Jim Igoe
On his book The Nature of Spectacle: On Images, Money, and Conserving Capitalism
Cover Interview of February 11, 2018
africa /
environment /
capitalism /
neoliberalism /
nature /
policy /
conservation /
indigenous people /
property rights /
national parks /
In a nutshell
The Nature of Spectacle is a book about capitalism and the environment. Its central concern, and unique perspective, is with the ways in which capitalist worldviews have become environmental over time. Specifically, it explores how money and exchange value are sensually enhanced by images and spatial arrangements, so that they can even be explicitly represented as inherent to nature.
The creation of American nature parks, in the late 19th century, accompanied an explosion of exchangeable consumptive experiences, in the form of elaborate exhibitions and fairs. Over the course of the 20th century, touristic nature destinations proliferated as a particular type of exchangeable consumptive experience, bolstered by nature films and television. By the turn of the millennium, productions of spectacular nature collided with increasing public awareness that consumerism and economic growth seem implicated in a socio-economic crisis that threatens our collective future.
The first part of the book explores these transformations in northern Tanzania. The creation of the Serengeti National Park, in the years following WWII, entailed the abstraction of landscapes into images, which generated money, which in turn could be used to further transform landscapes according to ideals of spectacular nature. This was accompanied by promises to newly independent governments that tourism would become the basis of their national economies, all of which was spectacularly conjured into existence. By the late 20th century, refinements to these techniques, in relation to the rise of interactive media, enabled the production of nature “cyberscapes,” at once actual and virtual, in which economic growth and ecosystem health could appear optimally aligned. These productions reflect and support a global policy zeitgeist, in which financializing nature is cast as its salvation. It also figures in consumer interfaces, through which the swipe of a plastic card or the push of a virtual unbutton appear to initiate a chain of events, ending in the protection of an acre of tropical rainforest or a family of arctic polar bears. These are the focus of the latter part of the book.
I have kept this book concise, to be read from cover-to-cover with relative ease. Chapter 5 (on policy) and Chapter 6 (on green consumerism) are both designed so that they can be read on their own.

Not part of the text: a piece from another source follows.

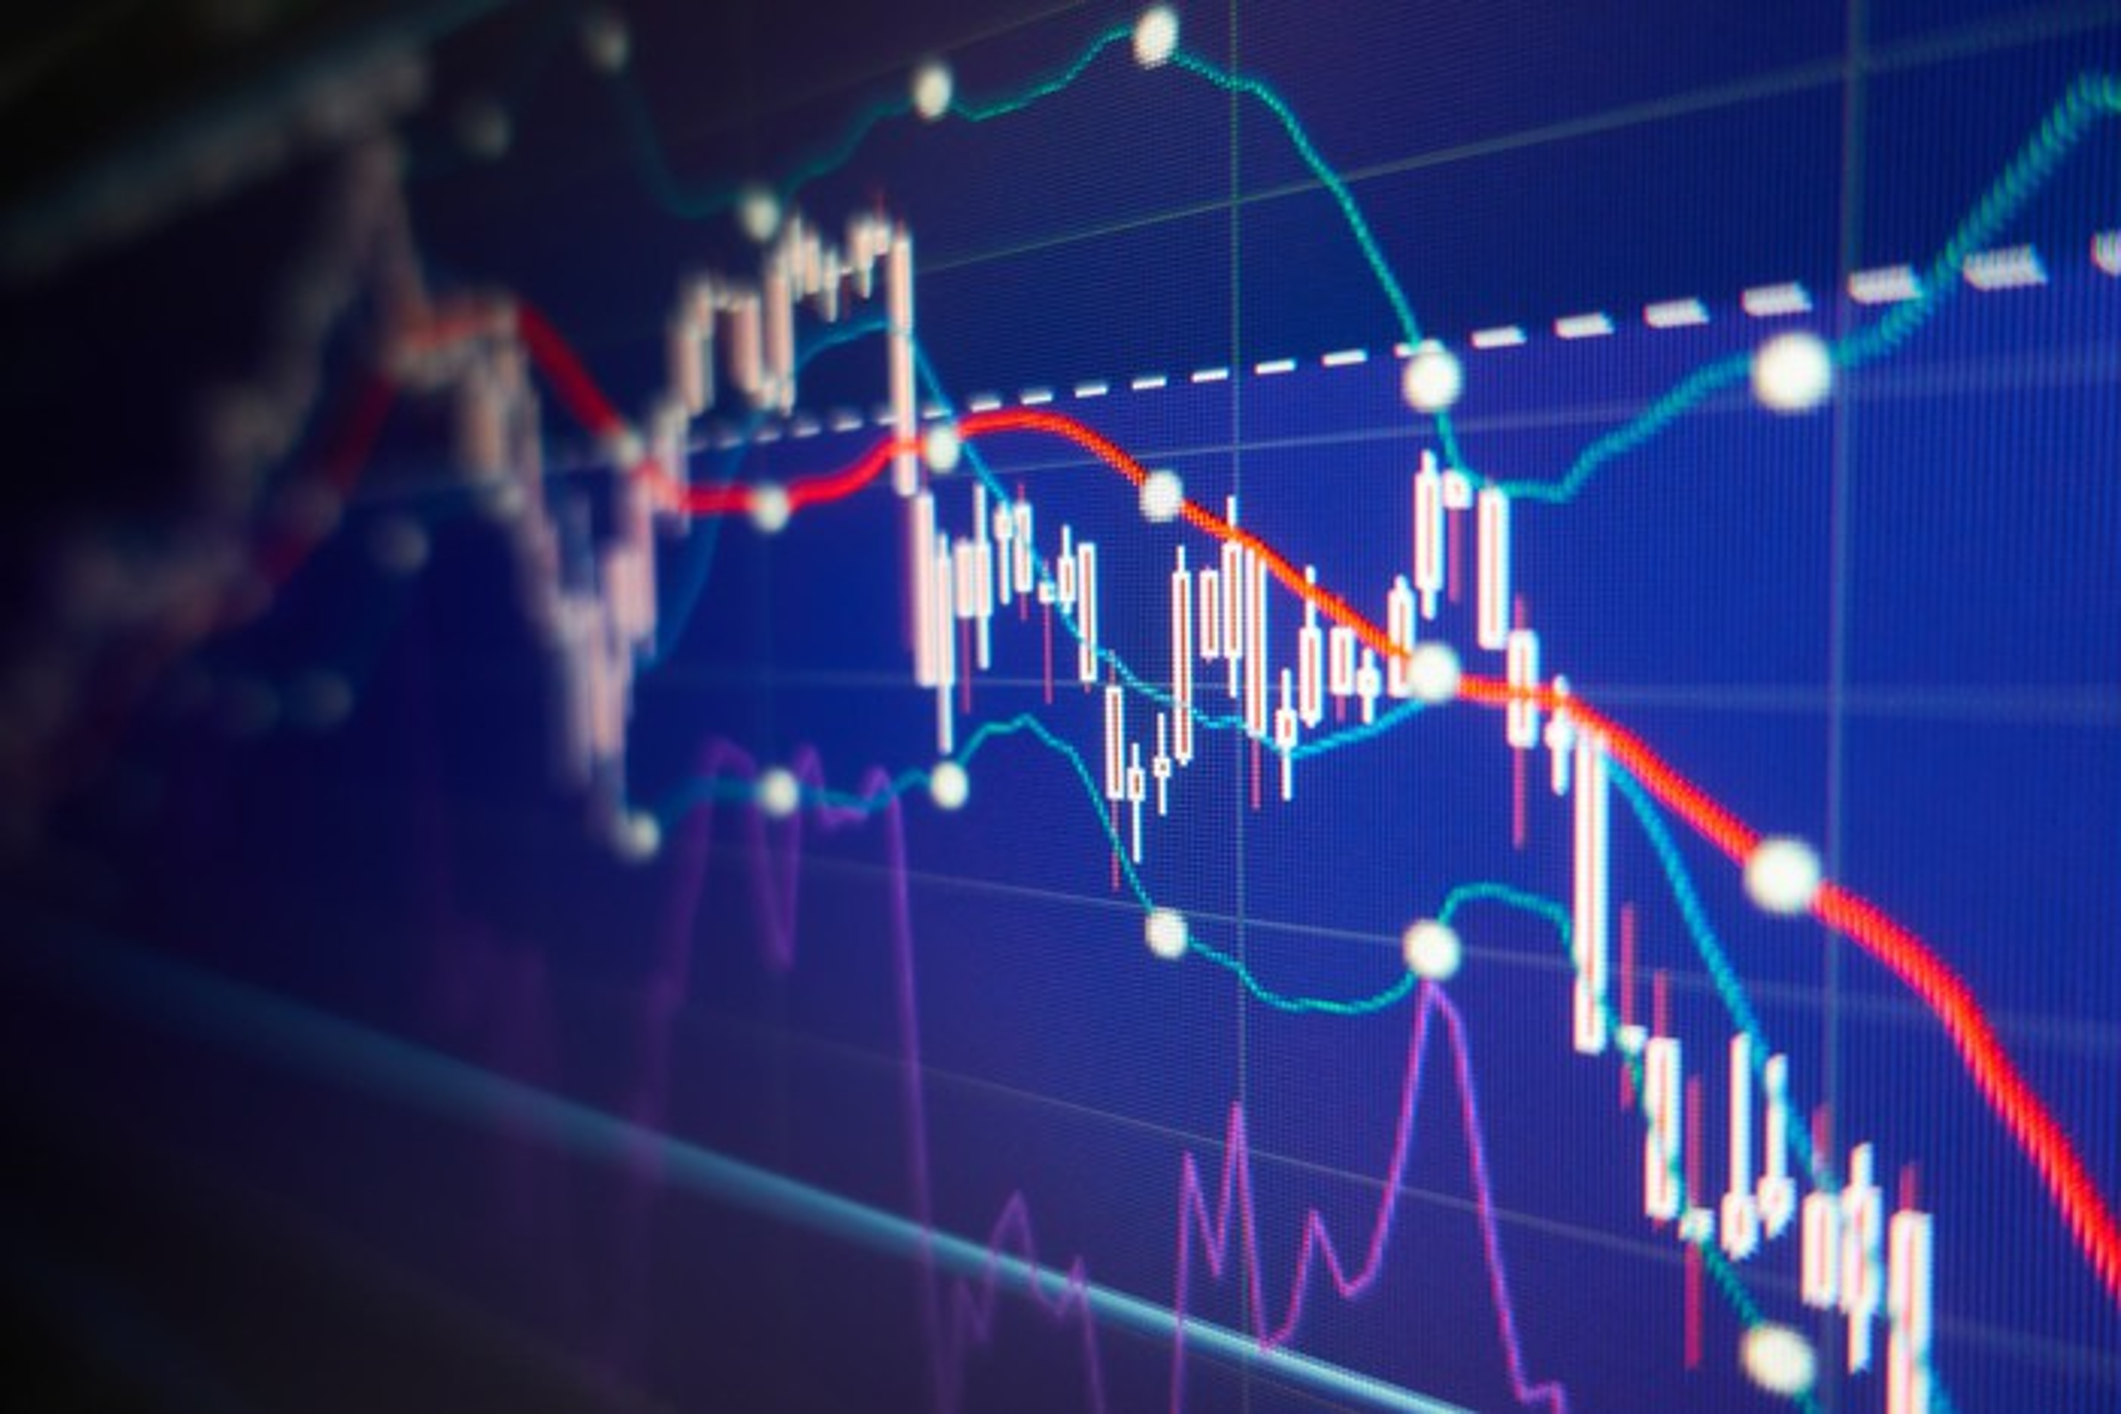 Falling stock graphs.

My understanding of nature that is developed in the book is fundamentally informed by anthropologist Tim Ingold’s argument in Perception of the Environment (2000) that “the world can exist as nature only for a being that does not belong there” (p. 20). This point is highly consistent with popular presentations of nature as a panoramic spectacle, existing somewhere distant and exotic, and best appreciated at a distance. At the end of his groundbreaking essay, “Getting Back to the Wrong Nature (1994),” environmental historian William Cronon opines that relating to nature in these terms will not serve us well in finding meaningful solutions to the pressing environmental problems in which we are all entangled. My book also takes up that point through explorations of the ways in which spectacular nature has been refined to appear and feel like the most promising solution to these very problems.